The Girl Who Crossed the River with a Tablecloth
Lara Bongard's multi-disciplinary practice moves in-between writing, cooking, photography, textile design and publishing. Her work illuminates hidden stories of cultural erasure and ‘placeless’ migratory identities. Exploring the feeling of belonging nowhere and everywhere at the same time. Via transhistorical research—working with archives, historical sources, ancestral stories, mythology and tales—she merges and fuses ancient narratives and symbolisms to create new stories, images and rituals.
Lara’s work aims to challenge our relationship to the past and acknowledge the multiplicity of stories and histories that constitute our identity. By seeing ourselves and each other in our plurality, we can move beyond a singular perception of a person or a culture, and start building bridges. Through reimagining the past, present and future, while working with personal stories as connecting factors, she creates spaces where people can look at the meaning of being uprooted and feeling at home from new perspectives. Lara uses colour in a tactile language of word and image to touch on delicate issues, break stigmas and weave together connections.
Lara Bongard holds a BA and MA in Visual Arts from LUCA School of Arts in Ghent, Belgium. Currently, she is applying for a PhD at LUCA with her project 'The Migrating Food Pot: From Uprooting to Re-Earthing in regenerative futures'. This project wants to regenerate the disconnection with our food-choices and heritages, by using food as binding factor to create new stories of belonging and multiplicity in an uprooted world.
Her master project 'The Girl Who Crossed the River with a Tablecloth' won the LUCA Thesis Prize 2020. The project is now on view as a solo-exhibition in the Jewish Museum in Amsterdam until October 1st 2023. The book will be published by Art Paper Editions in September 2023. Next to her practice, Lara works both in creative direction and food-design, and writes for publications like METAL and MOLD.
'The Girl Who Crossed the River with a Tablecloth' was an investigation to search for a sense of home in dislocation. As the granddaughter of a holocaust survivor, absence was my heritage. I broke the generational silence to start a quest for the invisible worlds of my ancestors, and found beneath the surface, beyond the decimation and destruction, a whole repository of stories. Through reconstructing my own image of the past, I found a sense of belonging in my lack of place and recognised how multiple stories unify inside me. The tablecloth, the family heirloom I received, grew into a symbol of life: sharing food with family across time—connecting East with West, the generations, and diversity of cultures we as a family represent. Gradually, dislocation became a portable home. The project resulted in a multi-dimensional work, using non-linear time perspectives and transhistorical storytelling, including a multi-media installation and publication.
Many challenges and questions remained about finding new forms of belonging in an uprooted world. Pivotal in the research, was the realisation how movement and loss create a hybridised meaning of ‘home’ and belonging.
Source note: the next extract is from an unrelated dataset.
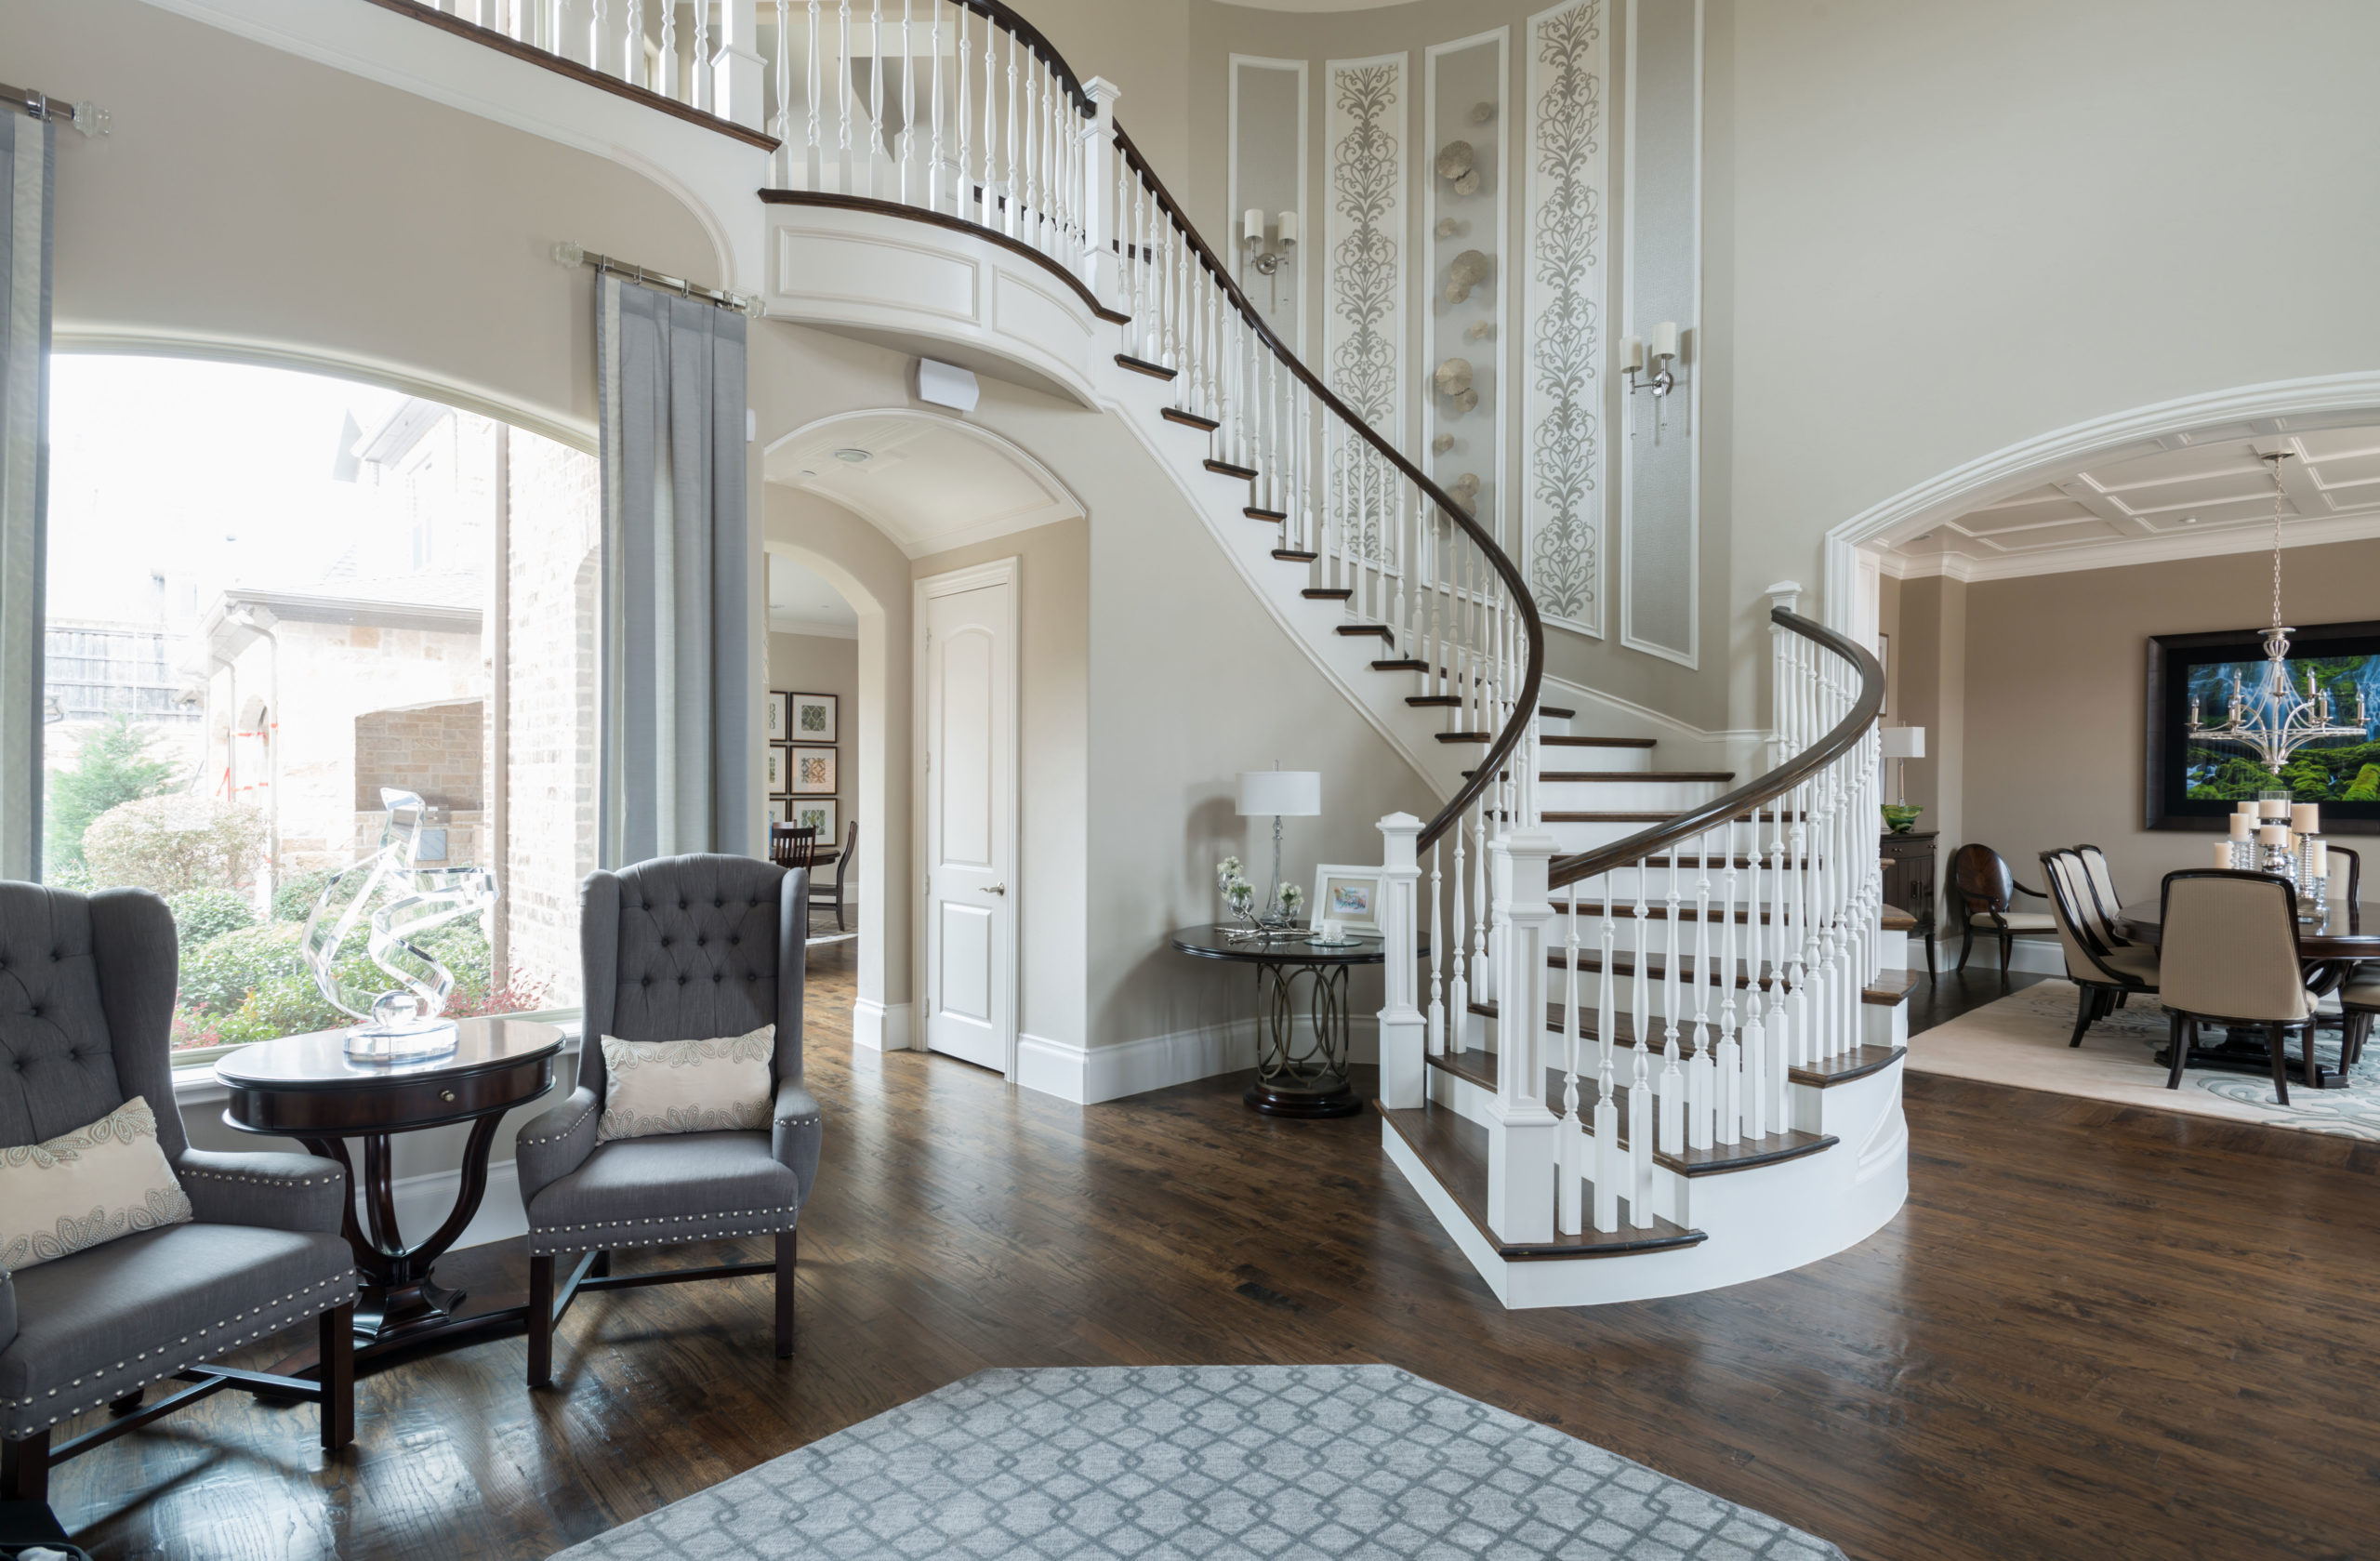 Calm Serenity 1 - Dallas Interior Designer serving Plano, Frisco, Dallas, Allen for Decorating Den Interiors D'KOR HOME by Dee Frazier Interiors

Identity, is thus in a constant state of flux and re-construction. Although food did not have the main role in the project, my fascination for food was sparked when relocating scattered family members, as I experienced the power of food to connect in a non-verbal language of our shared humanity—intersecting climate, history, spirituality, origins, and memory.
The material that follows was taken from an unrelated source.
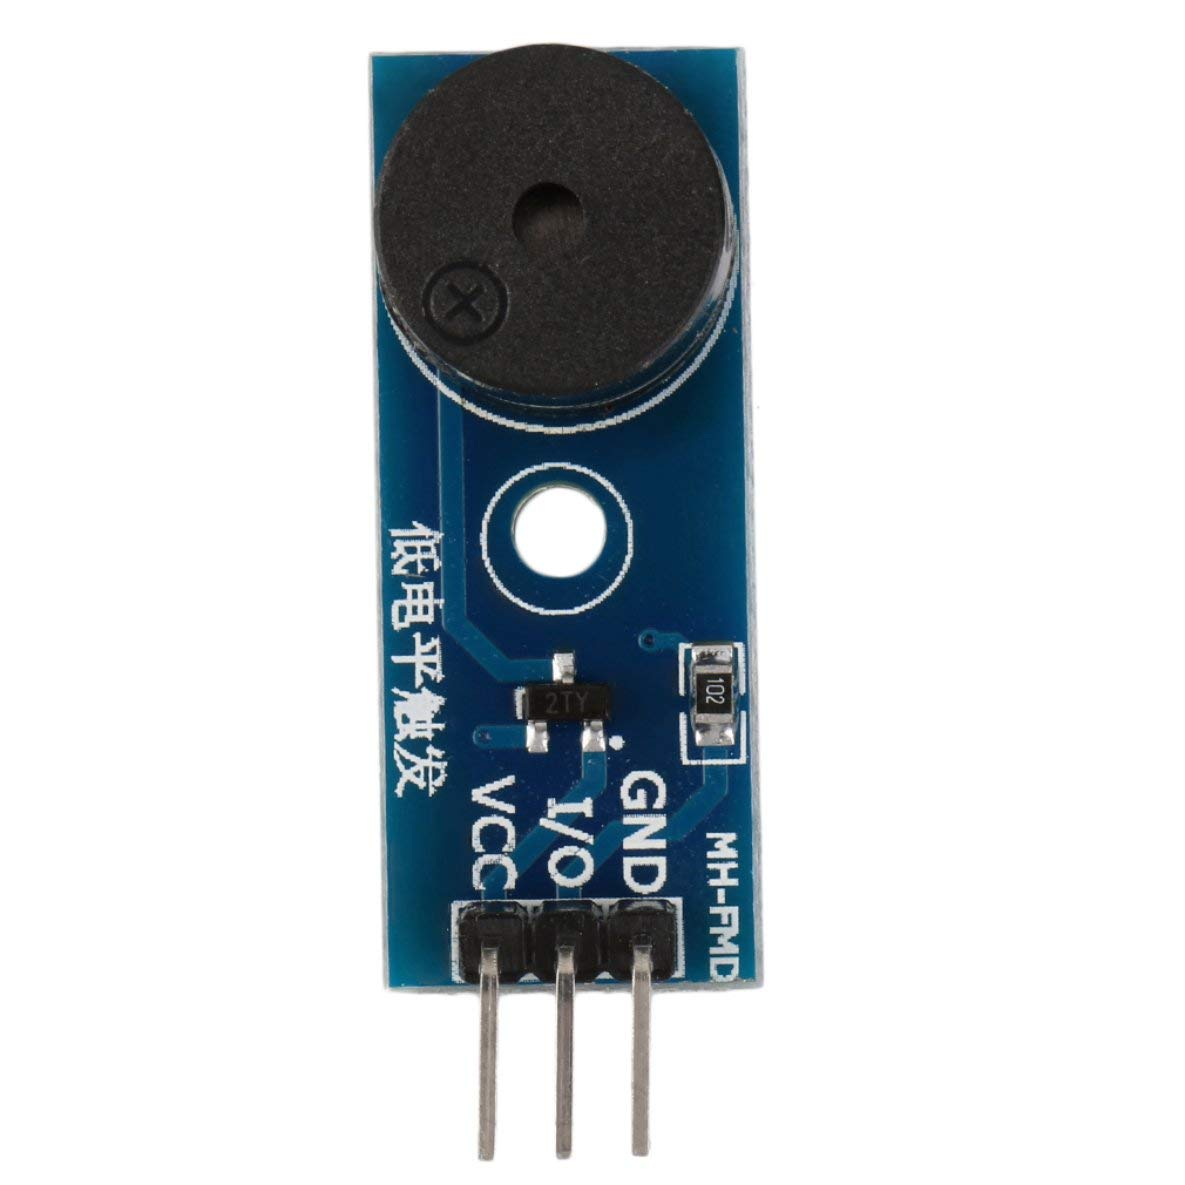 Active Buzzer Alarm Module Sensor Beep Audion Control Panel for Arduino High Quality in Stock Super Deals

The natural evolution of the project resulted in the PhD proposal I'm currently working on. Through excavating (food) memories as powerful vehicles to uncover and recreate vanished worlds and silences stories. I will research food as connecting factor to generate new stories of co-existing and belonging, by interweaving a multiplicity of food stories—as in a single recipe itself the (his)stories of many people, landscapes, and cultures are hidden.